The company received another ethnographic report in March of 2020, which reiterated that the site was of “high significance to the PKKP”, and found the rock shelters were a “connected complex rather than a number of isolated cultural heritage sites”.
Around the same time, the heritage worker for the PKKP reiterated the significance of the site to the local mine manager, and the PKKP had requested permission to visit “while we still can”.
“These changing realities in the period from 2018 should have prompted a review within Rio Tinto of the implications of the new ethnographic and archaeological reports for the Brockman 4 mine development plans, and especially their timing and sequencing,” the report found. “Such a review should have been initiated even in the absence of a formal request by the PKKP .
“These steps were not taken and important opportunities for pausing and re-considering options were missed until the PKKP formally raised their concerns in May 2020, by which time, as described in our submission to the Inquiry, it was no longer safe and practicable to protect the sites.”
It said those steps were not taken because of “shortfalls in linked-up decision-making within the Rio Tinto organisation, and standards of governance and accountability, which call into question aspects of the work culture and priorities at Brockman 4”.
Rio Tinto will establish a new social performance role, which will oversee “key group-level risks” including cultural heritage risks. It will also require that regular audits of cultural heritage be conducted and reported to board level.

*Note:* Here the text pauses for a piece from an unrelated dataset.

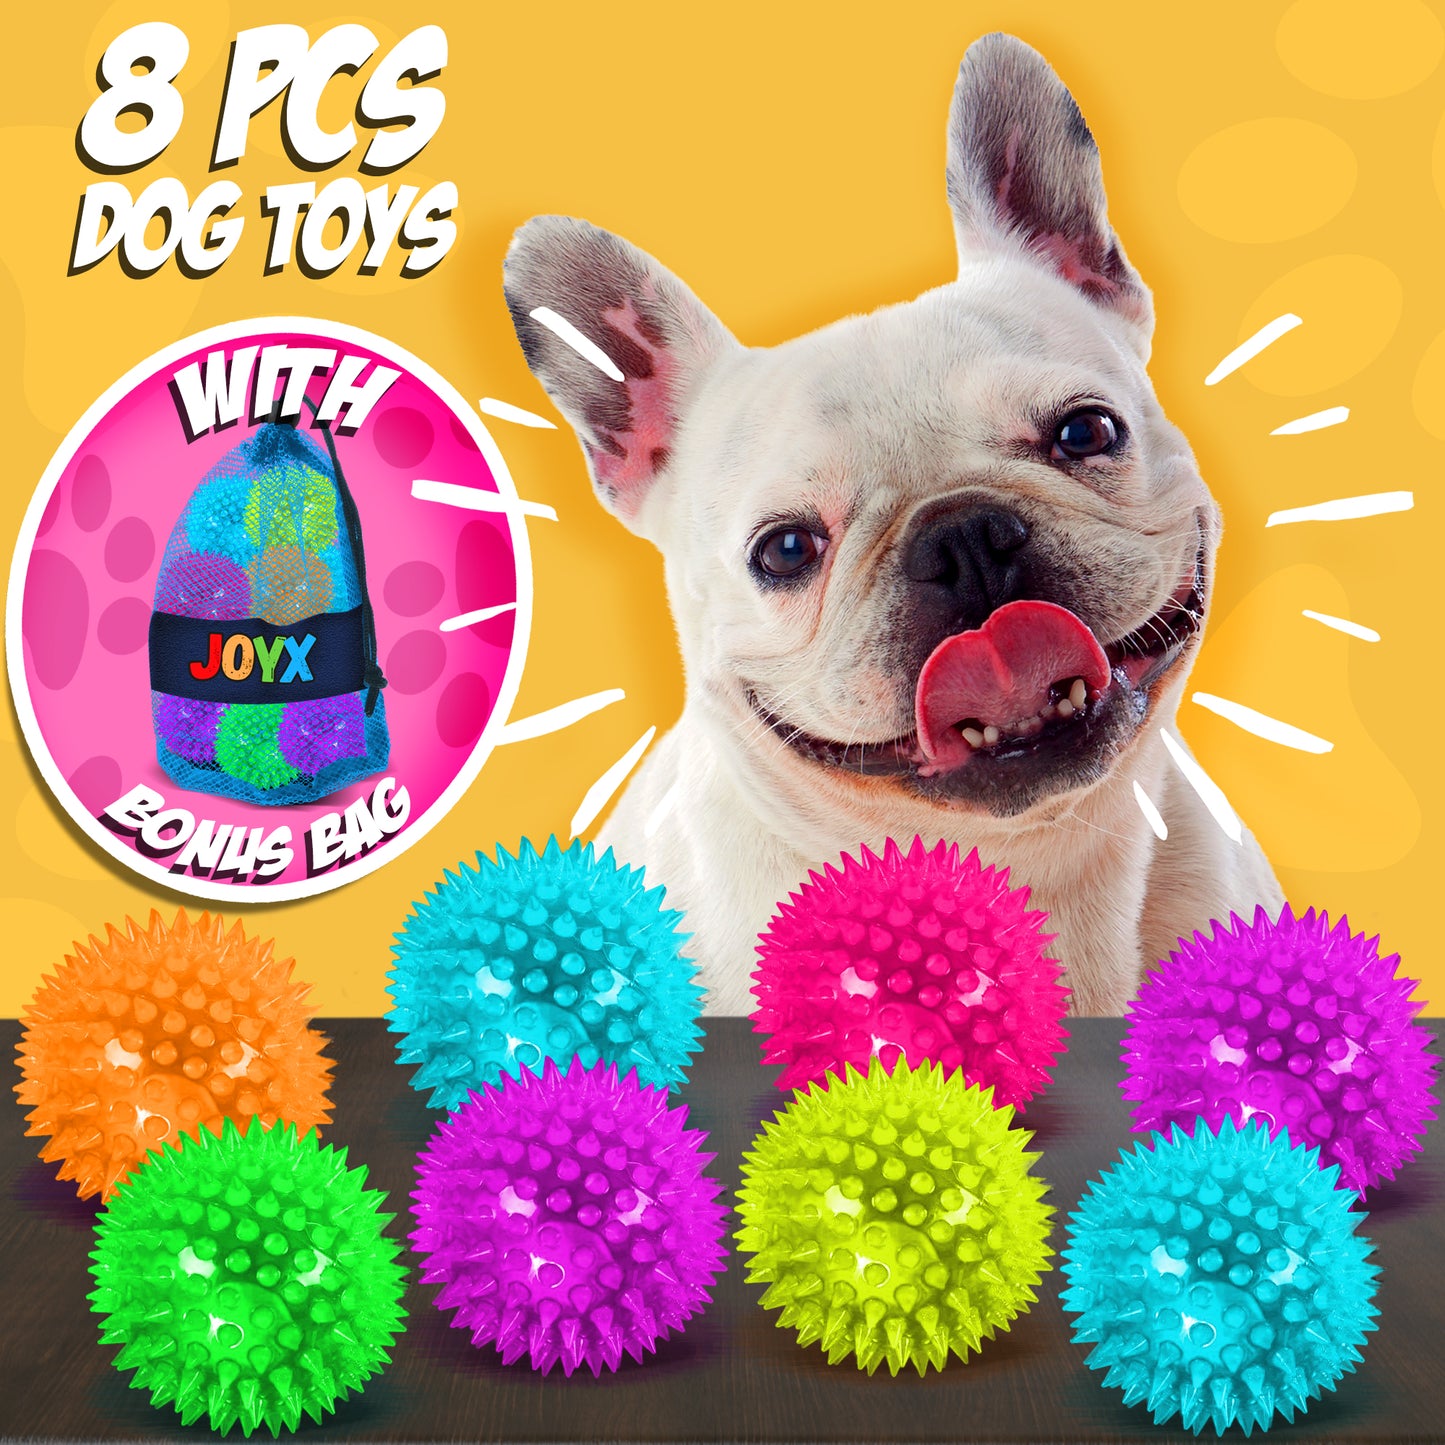 Multi-colored dog toys with a squeaky feature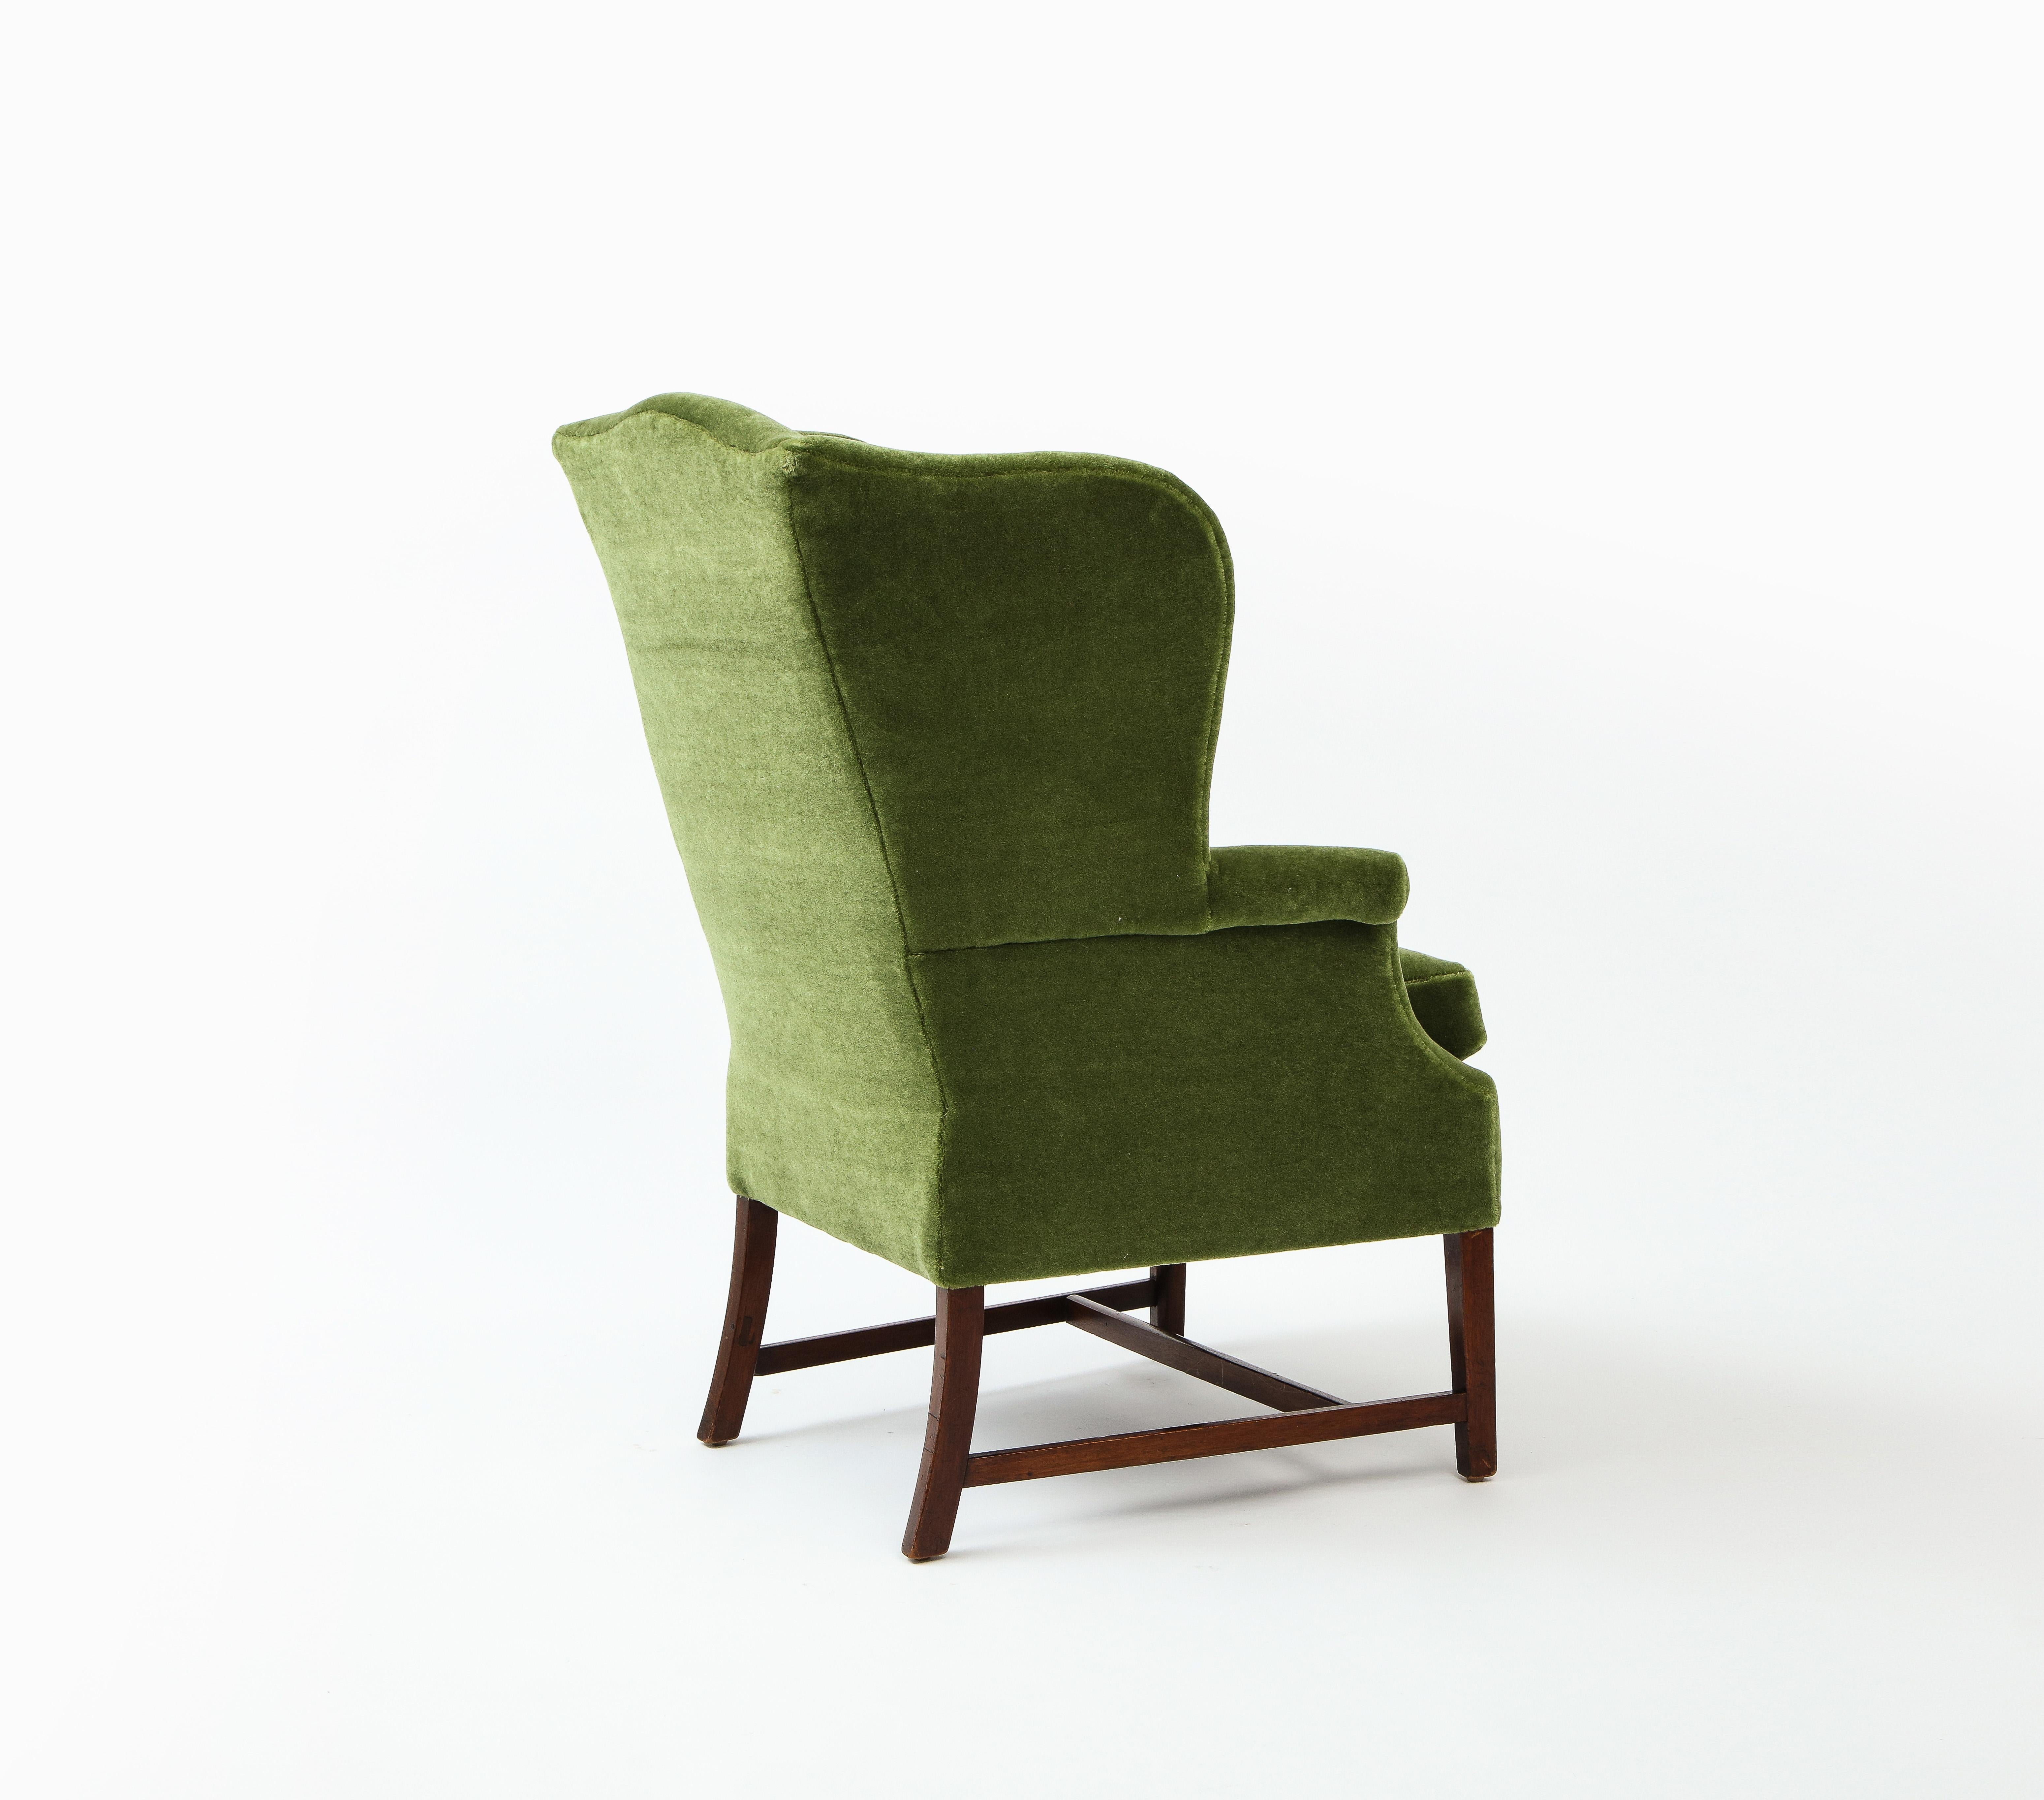 Wingback Library Chair in Green Pierre Frey Mohair, England late 19th Century 4

“There needs to be a clear recognition across the Rio Tinto organisation that, in circumstances in which appropriate authority has been given to disturb a cultural heritage site and related mitigation and salvage operations have been completed, ongoing review of that site’s heritage status continues to be required, and will need to be elevated in decision making as required,” the report said. “This is critical in situations in which material new knowledge about the site is acquired.”
The parliamentary inquiry into the destruction of the sites is ongoing. Hearings will be held on PKKP country in WA next month.